■ RECORDED INFORMATION
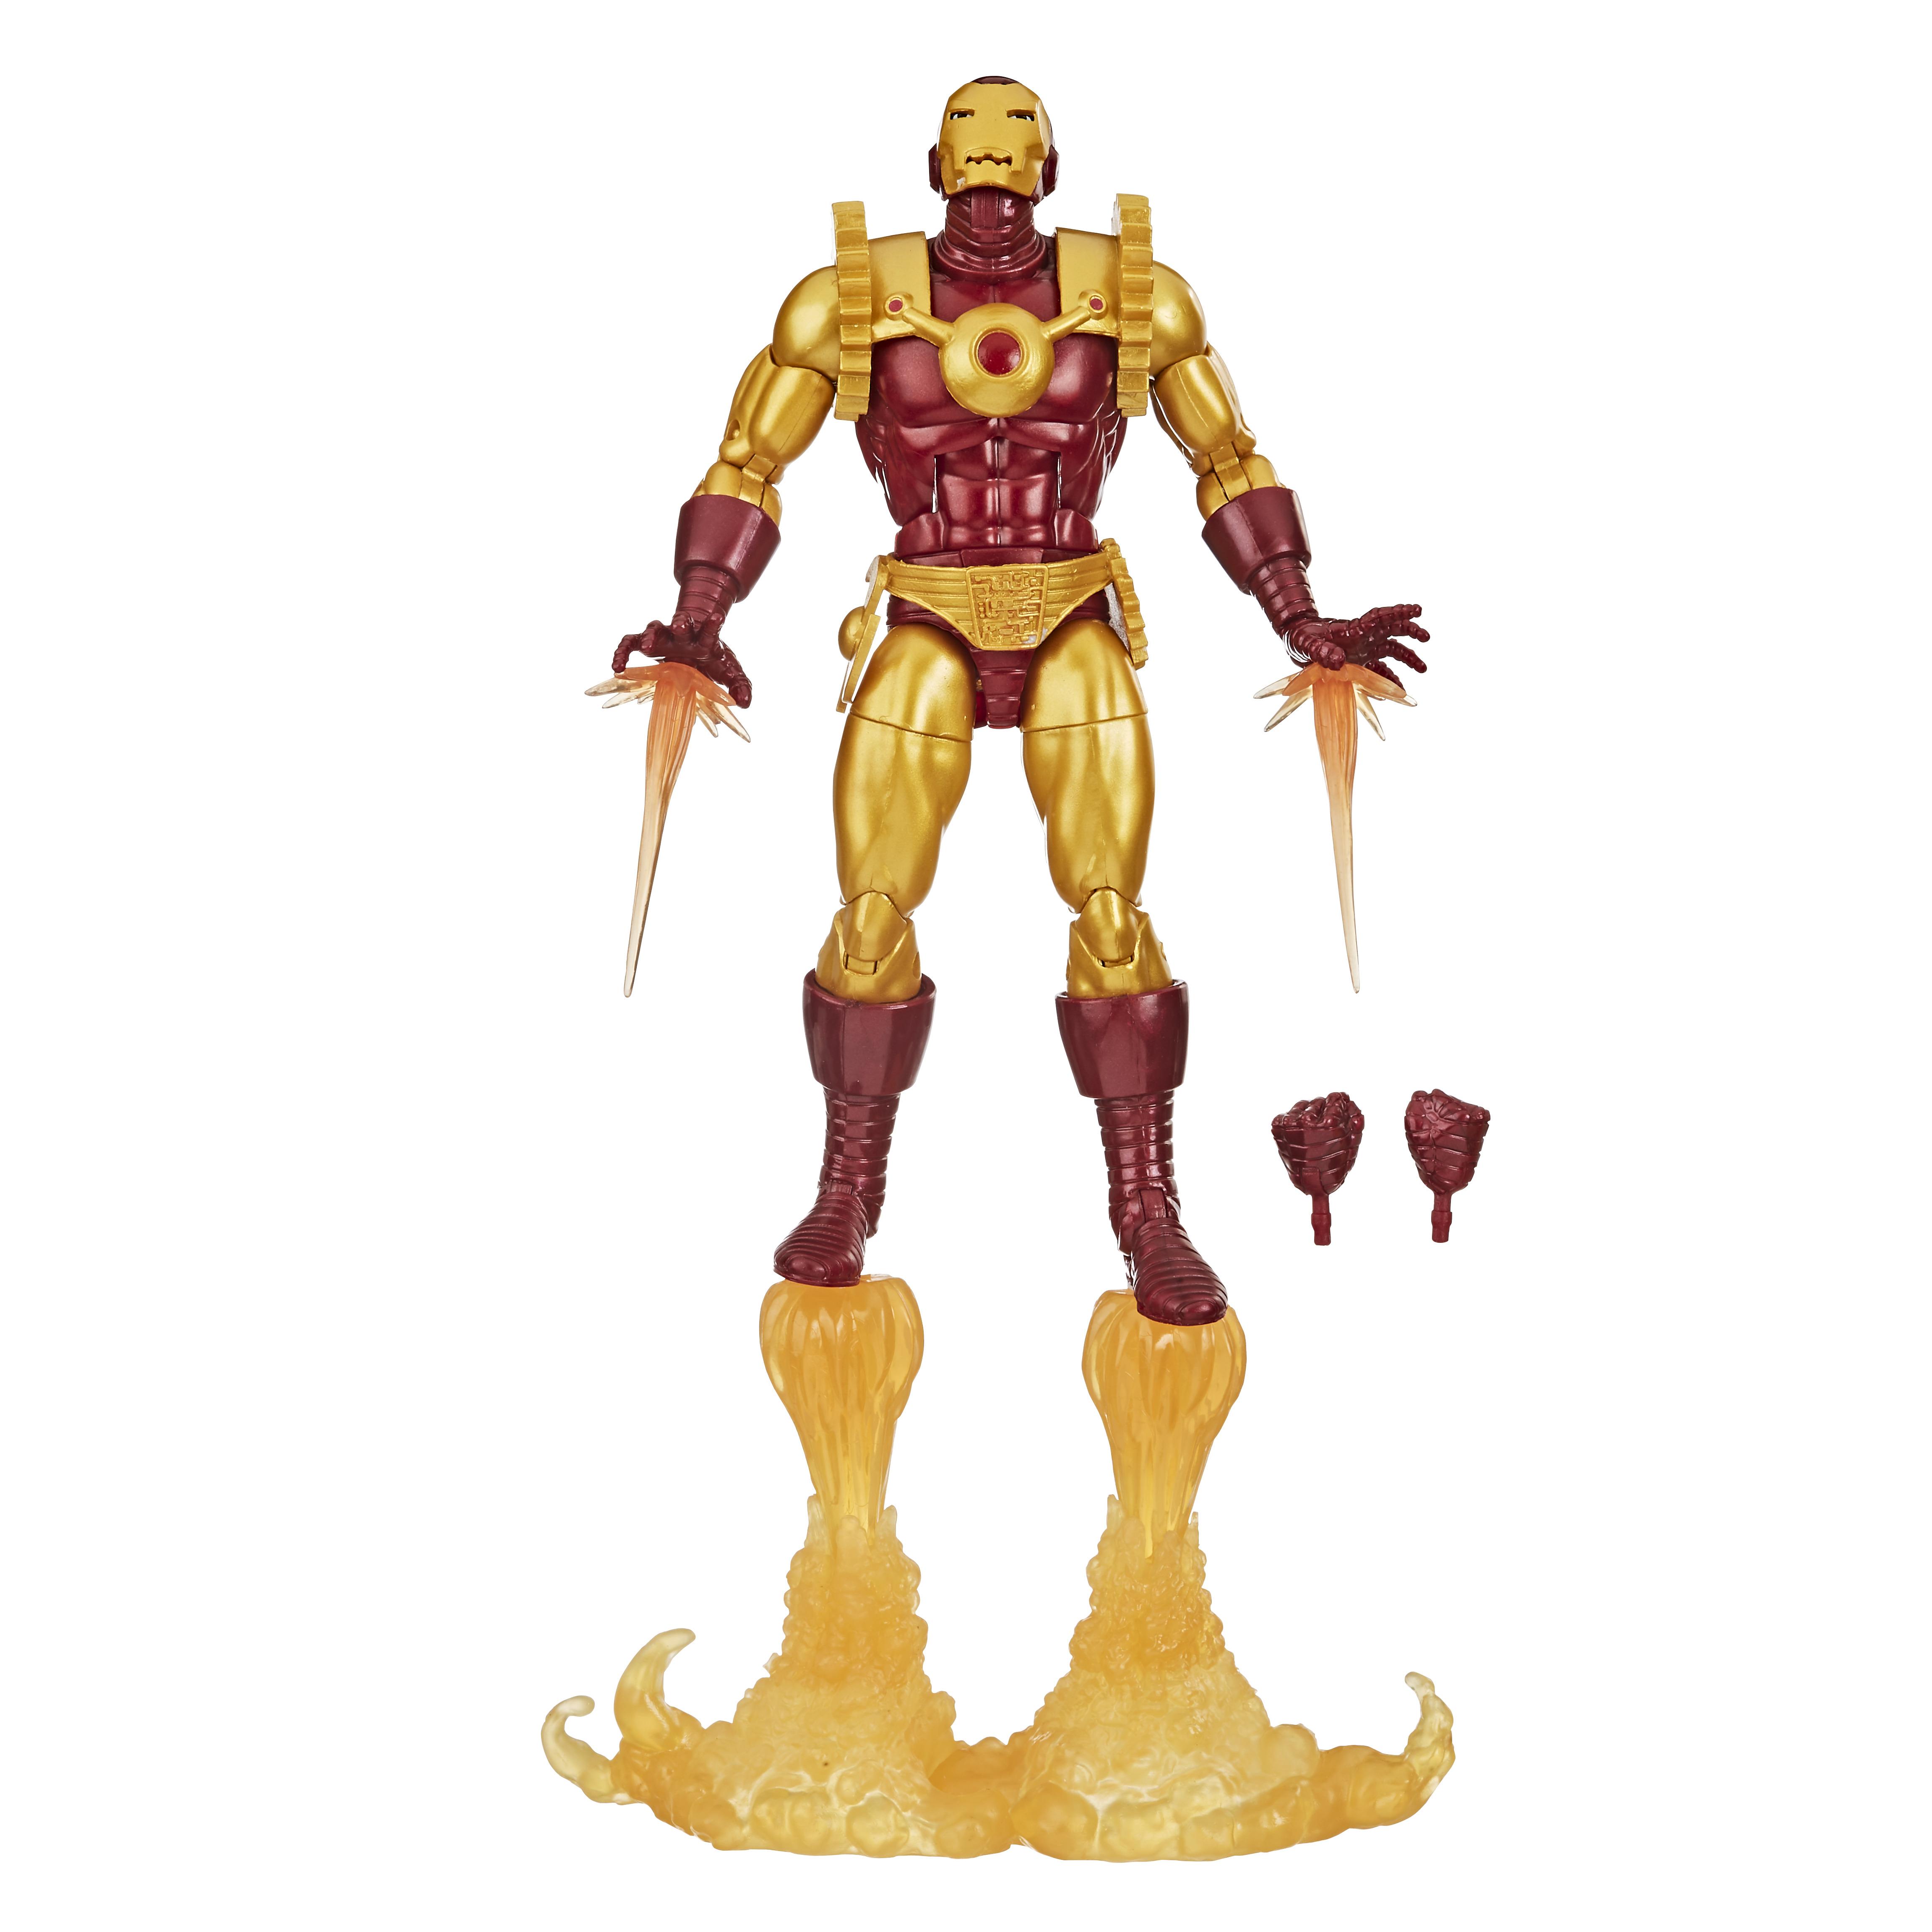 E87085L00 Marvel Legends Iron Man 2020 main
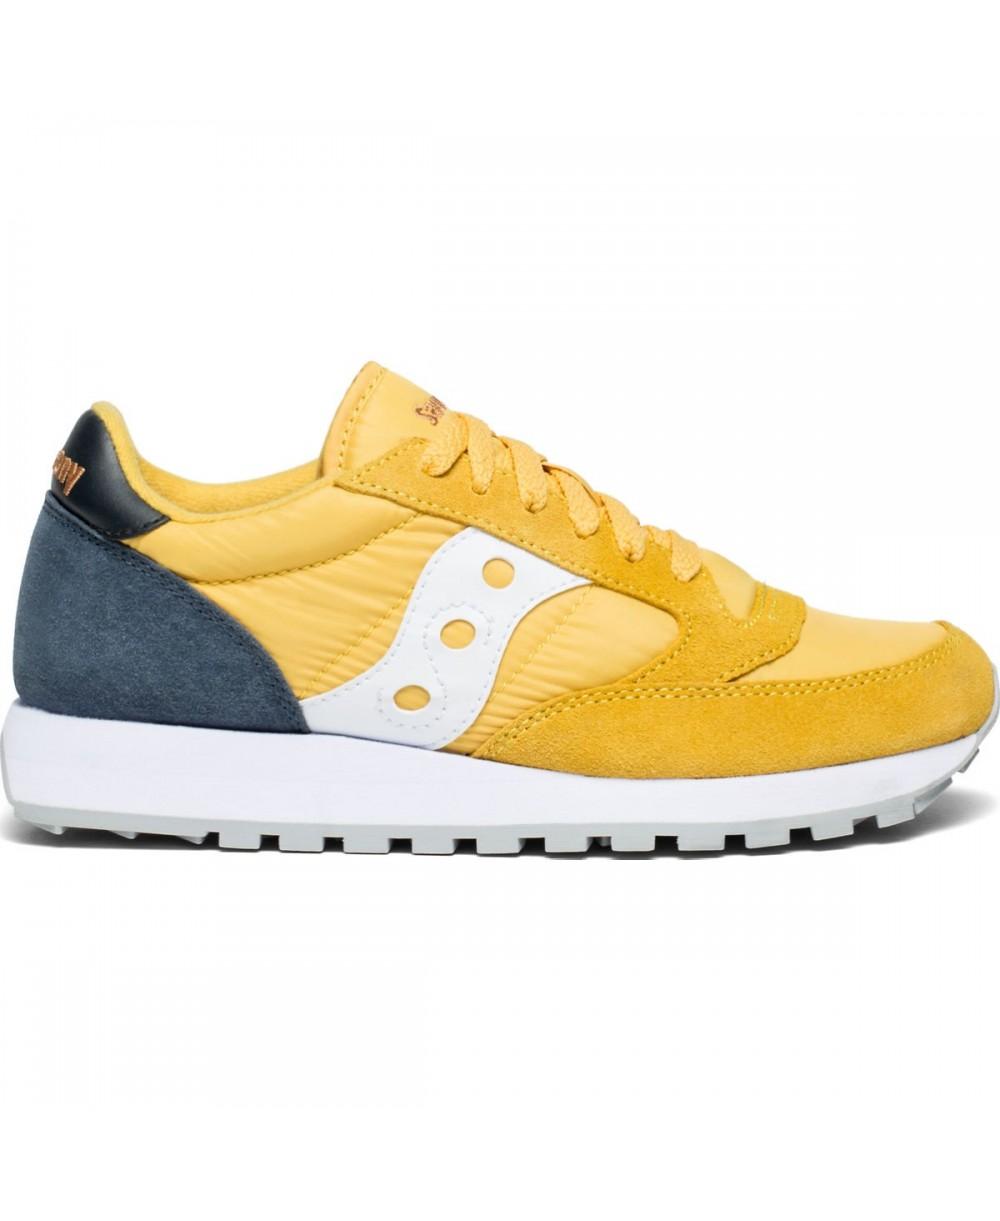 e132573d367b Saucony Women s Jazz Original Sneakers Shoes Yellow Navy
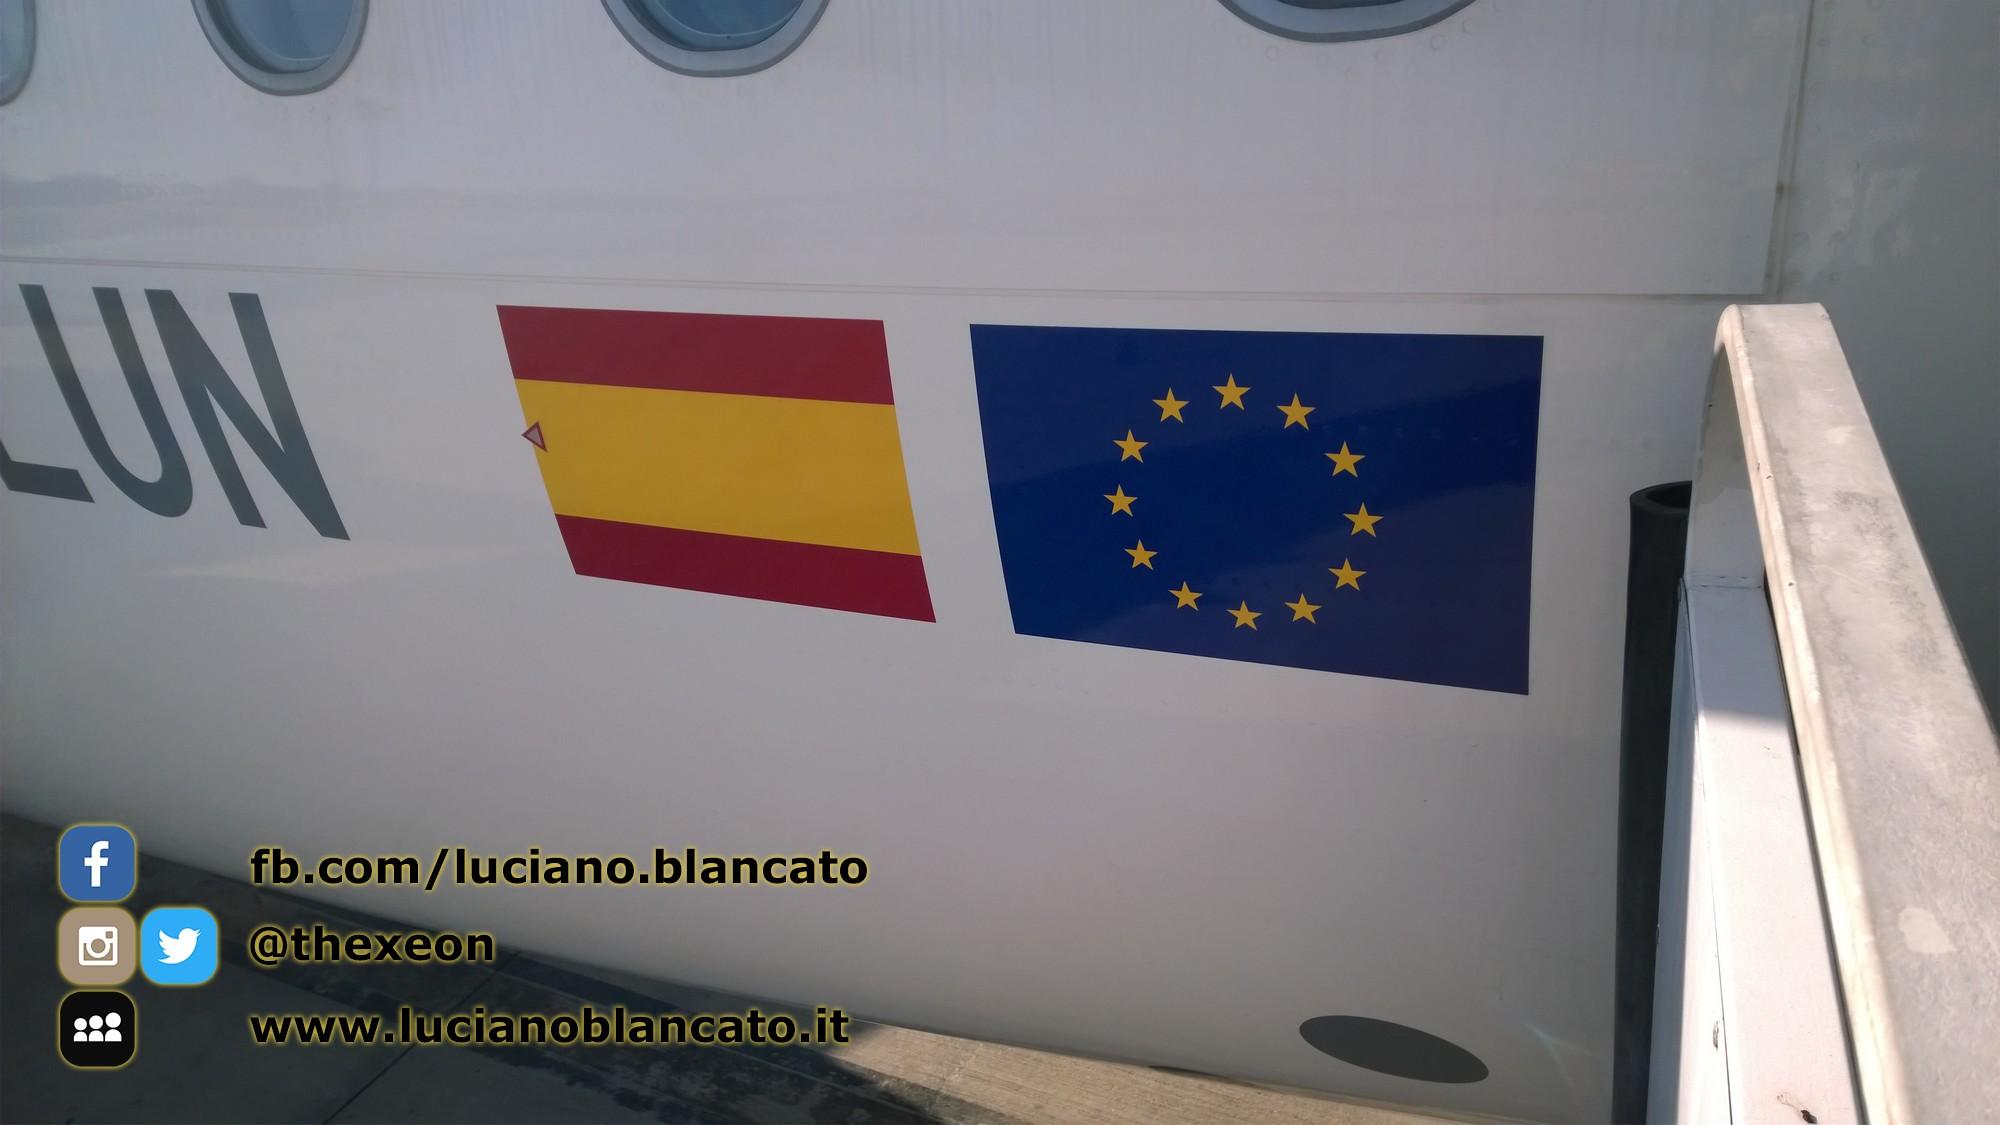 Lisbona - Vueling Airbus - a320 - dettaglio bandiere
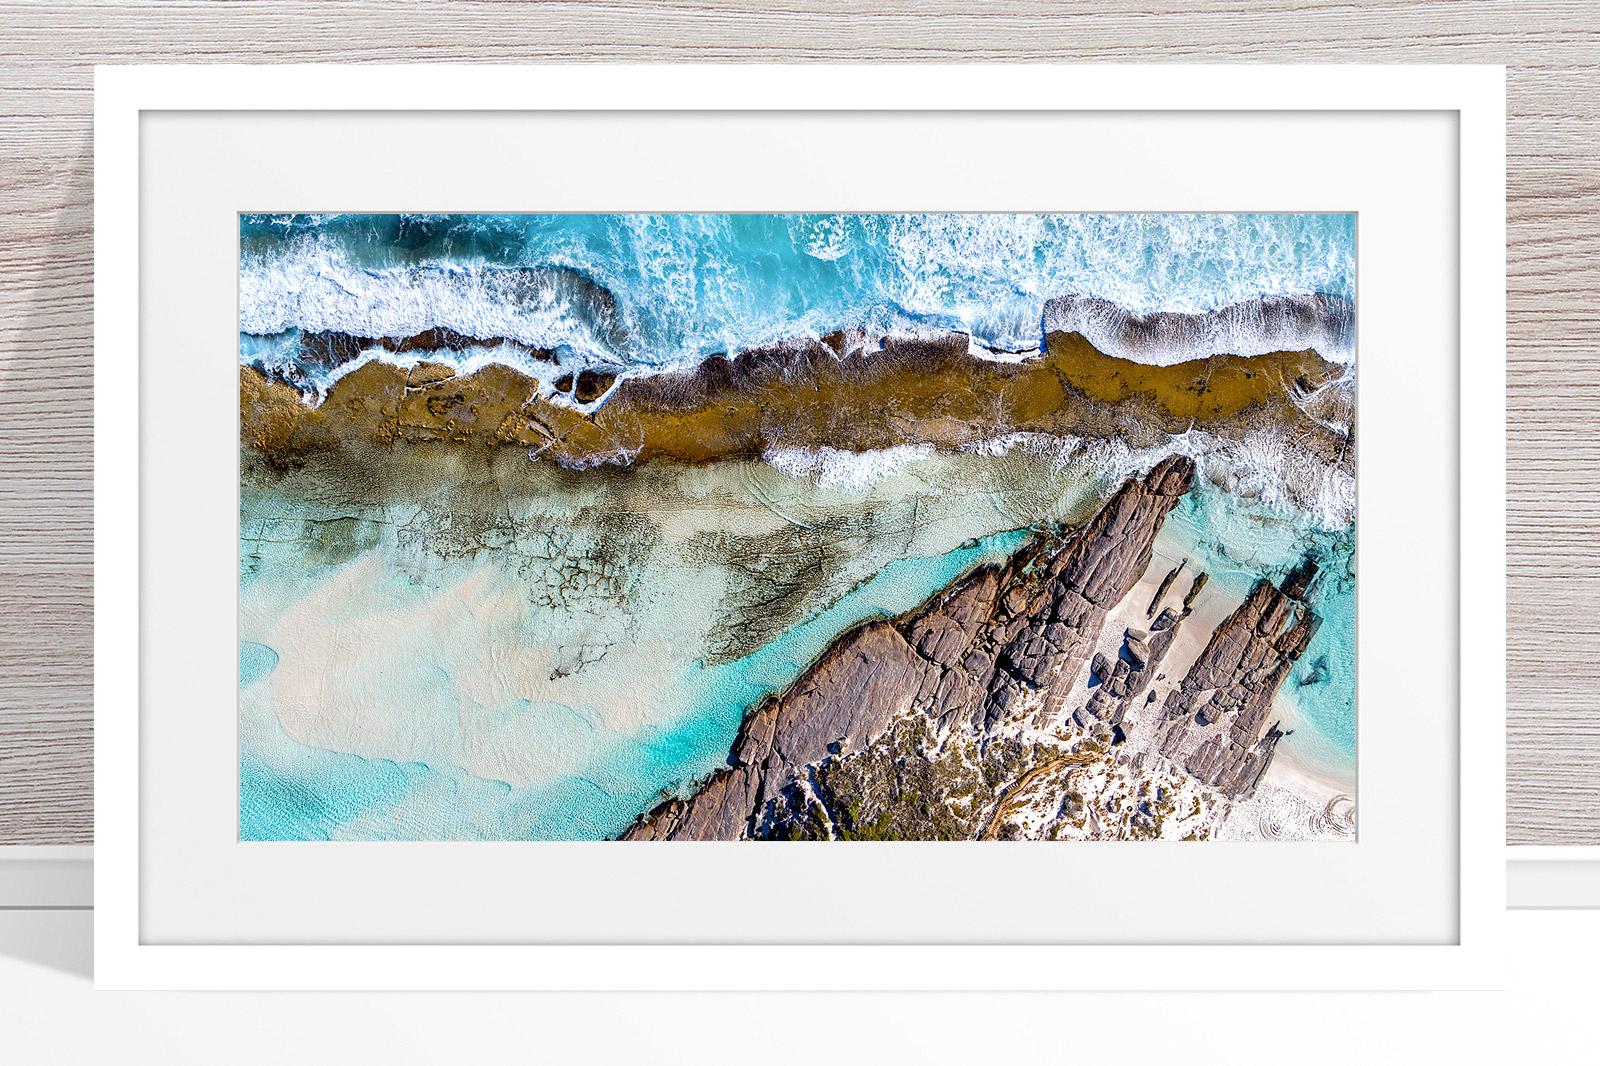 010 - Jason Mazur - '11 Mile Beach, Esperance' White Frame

■ WHAT NEEDS TO BE DONE
With images omitted, output the data exactly as given.

■ RESPONSE TO THIS EXERCISE
 E87085L00 Marvel Legends Iron Man 2020 main
 e132573d367b Saucony Women s Jazz Original Sneakers Shoes Yellow Navy
 Lisbona - Vueling Airbus - a320 - dettaglio bandiere
 010 - Jason Mazur - '11 Mile Beach, Esperance' White Frame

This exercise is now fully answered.